◆ **Task instructions**: The response should consist of the data below, copied exactly, with no pictures in it.
*** Dataset excerpt ***
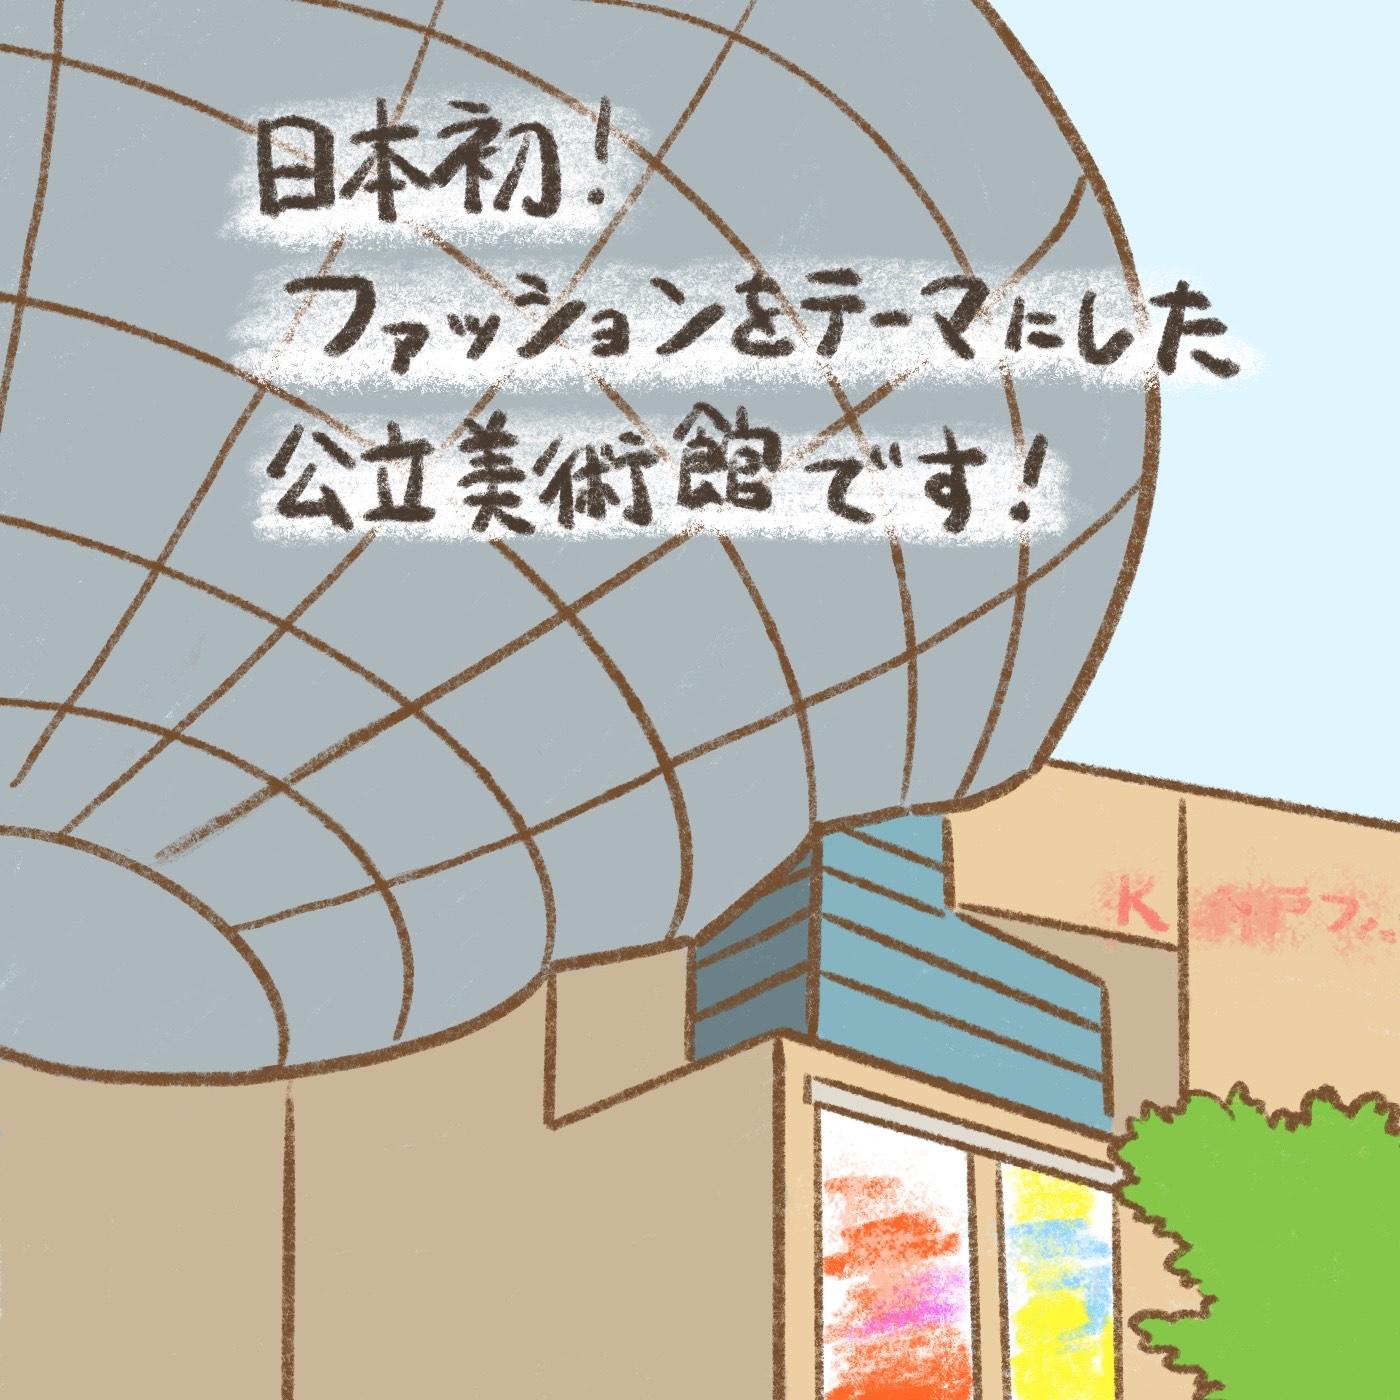 OBIKAKE ナニソレ 神戸ファッション美術館
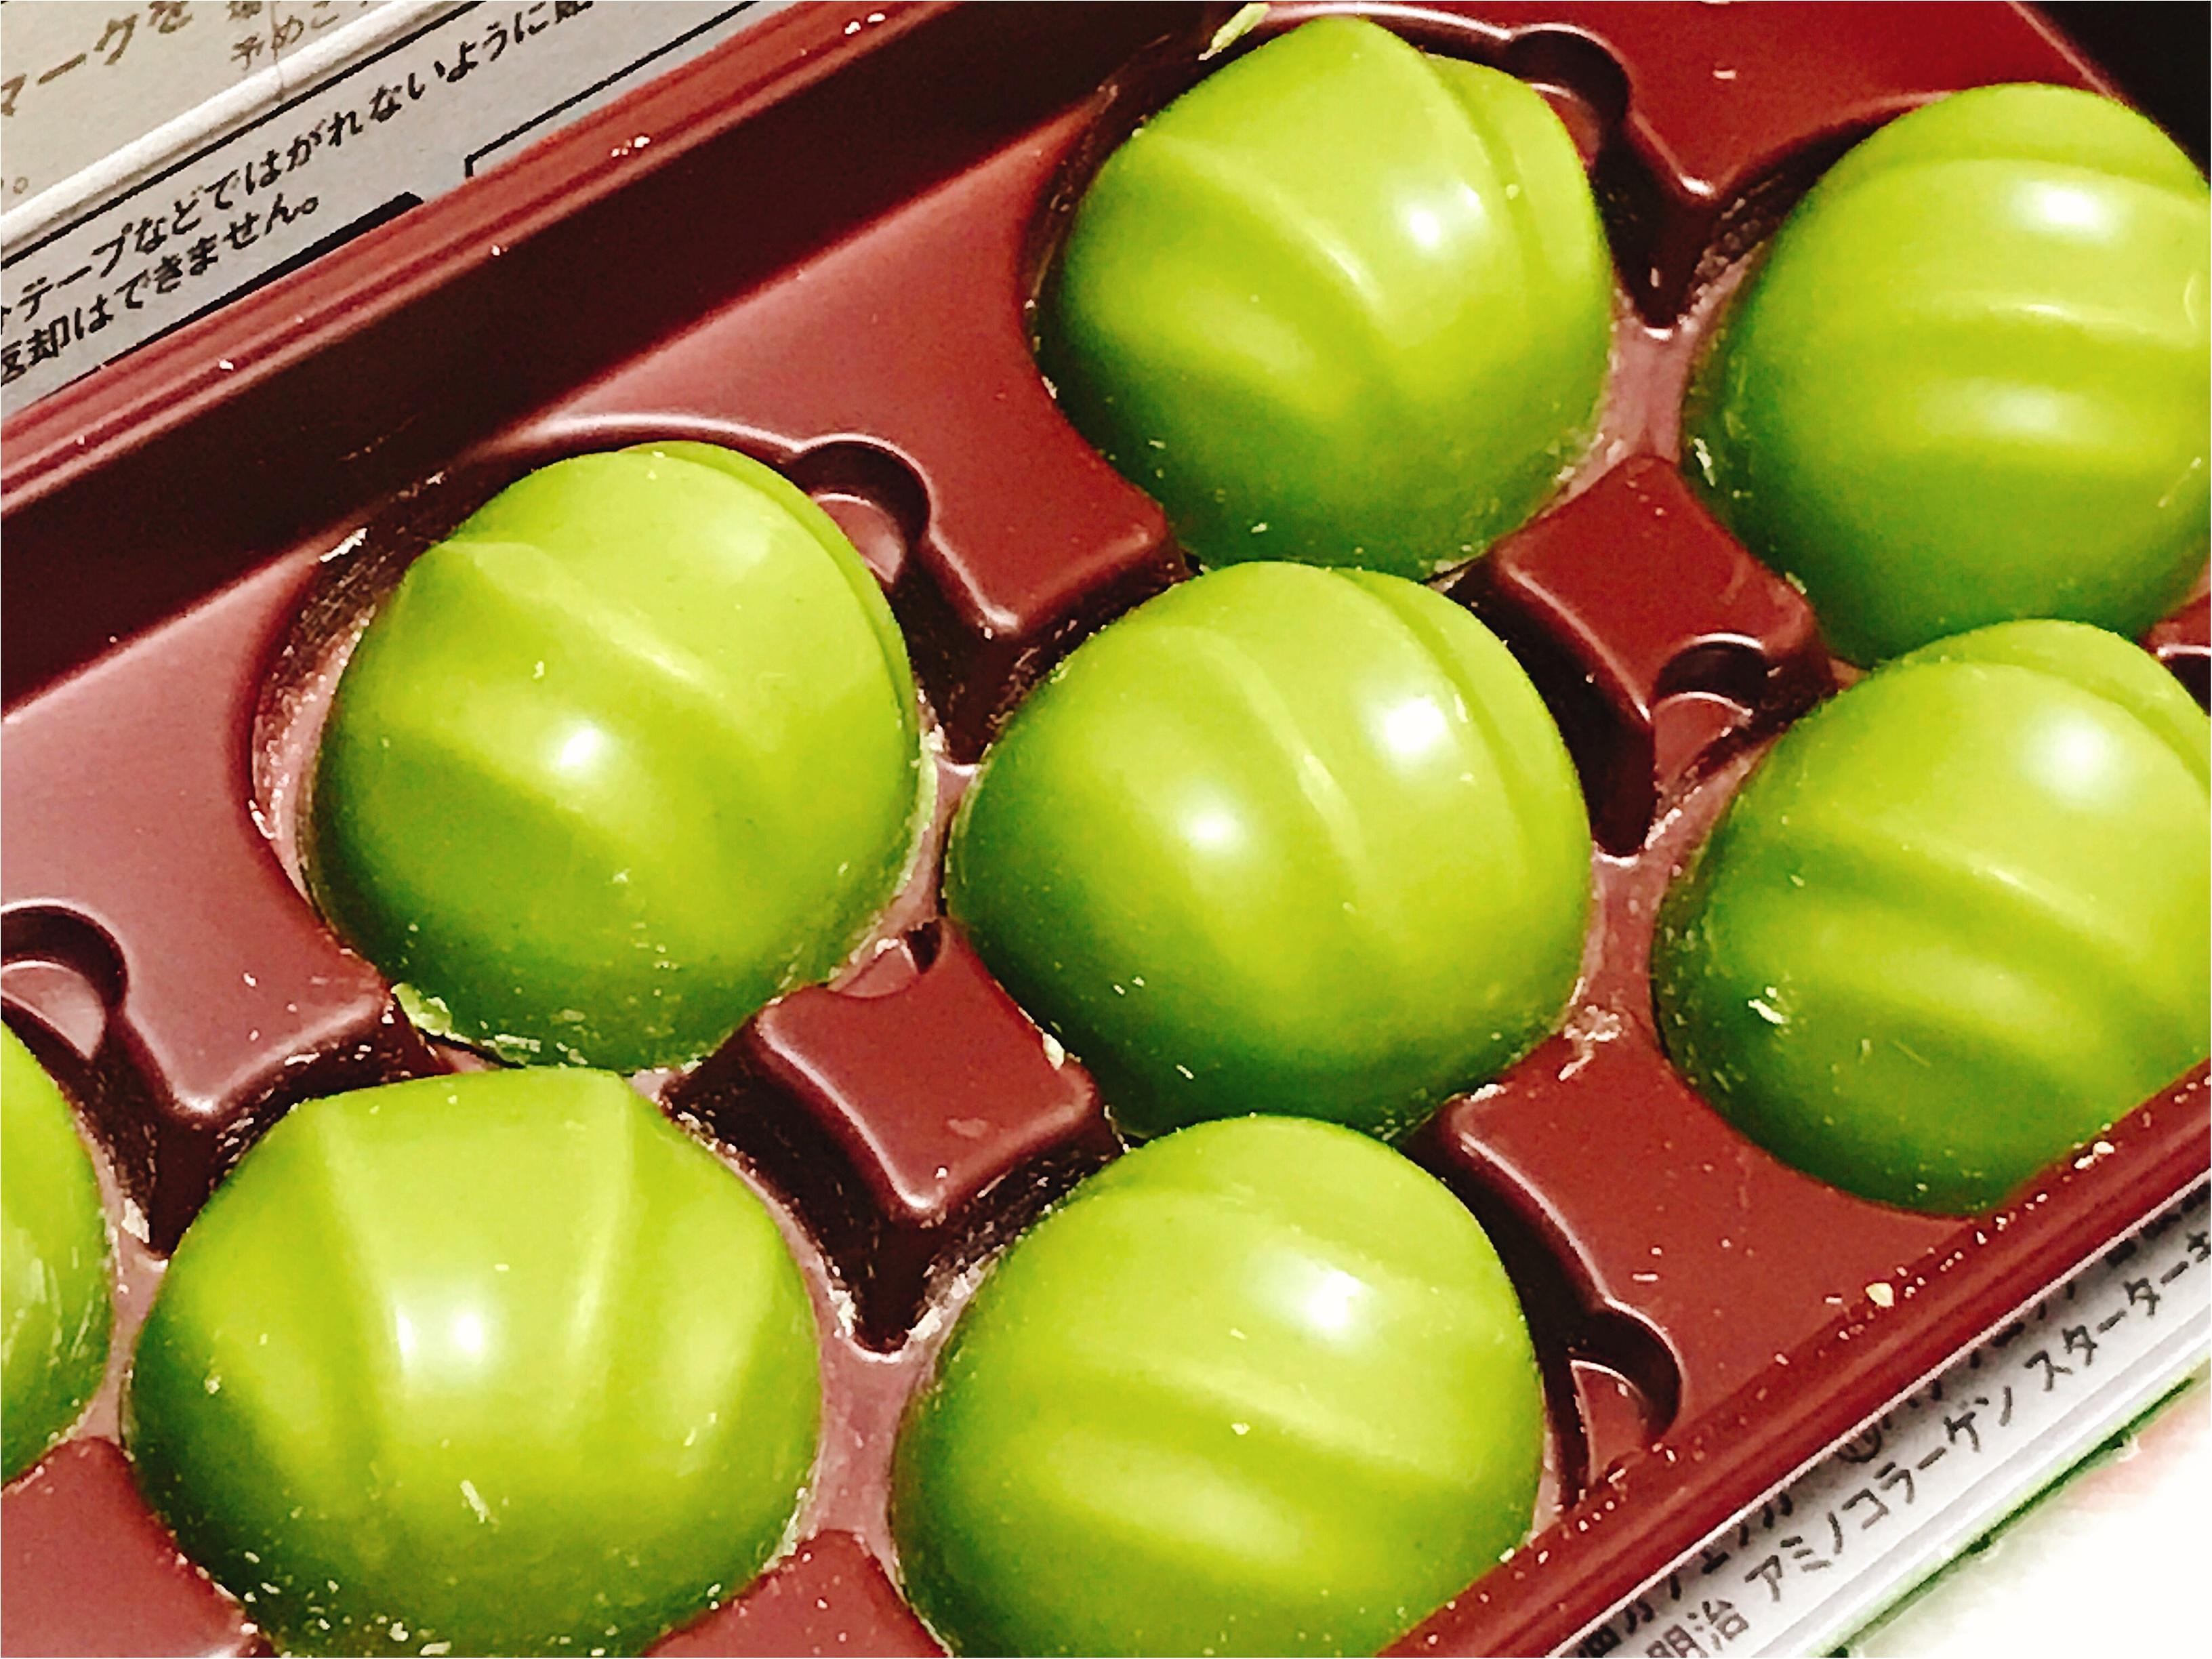 明治はナッツチョコ売上NO.1‼︎大人気のマカダミアチョコレート新作は『抹茶』( ´艸`)♡_2
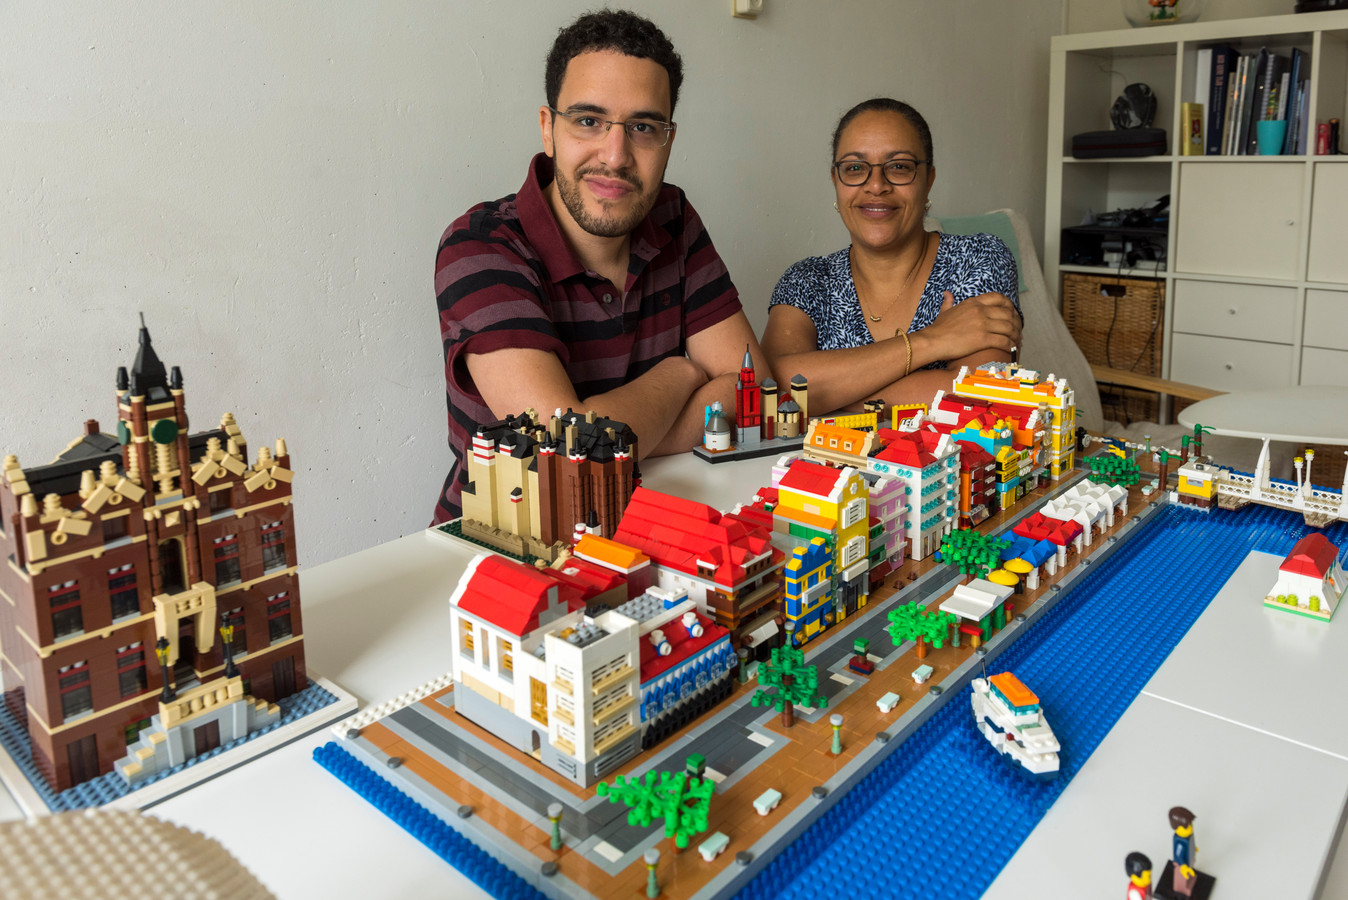 Kevin van Wijnsberge en zijn moeder Roxanne tonen trots de Handelskade in Curaçao gebouwd met  4.625 Lego-steentjes.
*** End of Dataset excerpt ***
◆ **Response box**:
 OBIKAKE ナニソレ 神戸ファッション美術館
 明治はナッツチョコ売上NO.1‼︎大人気のマカダミアチョコレート新作は『抹茶』( ´艸`)♡_2
 Kevin van Wijnsberge en zijn moeder Roxanne tonen trots de Handelskade in Curaçao gebouwd met  4.625 Lego-steentjes.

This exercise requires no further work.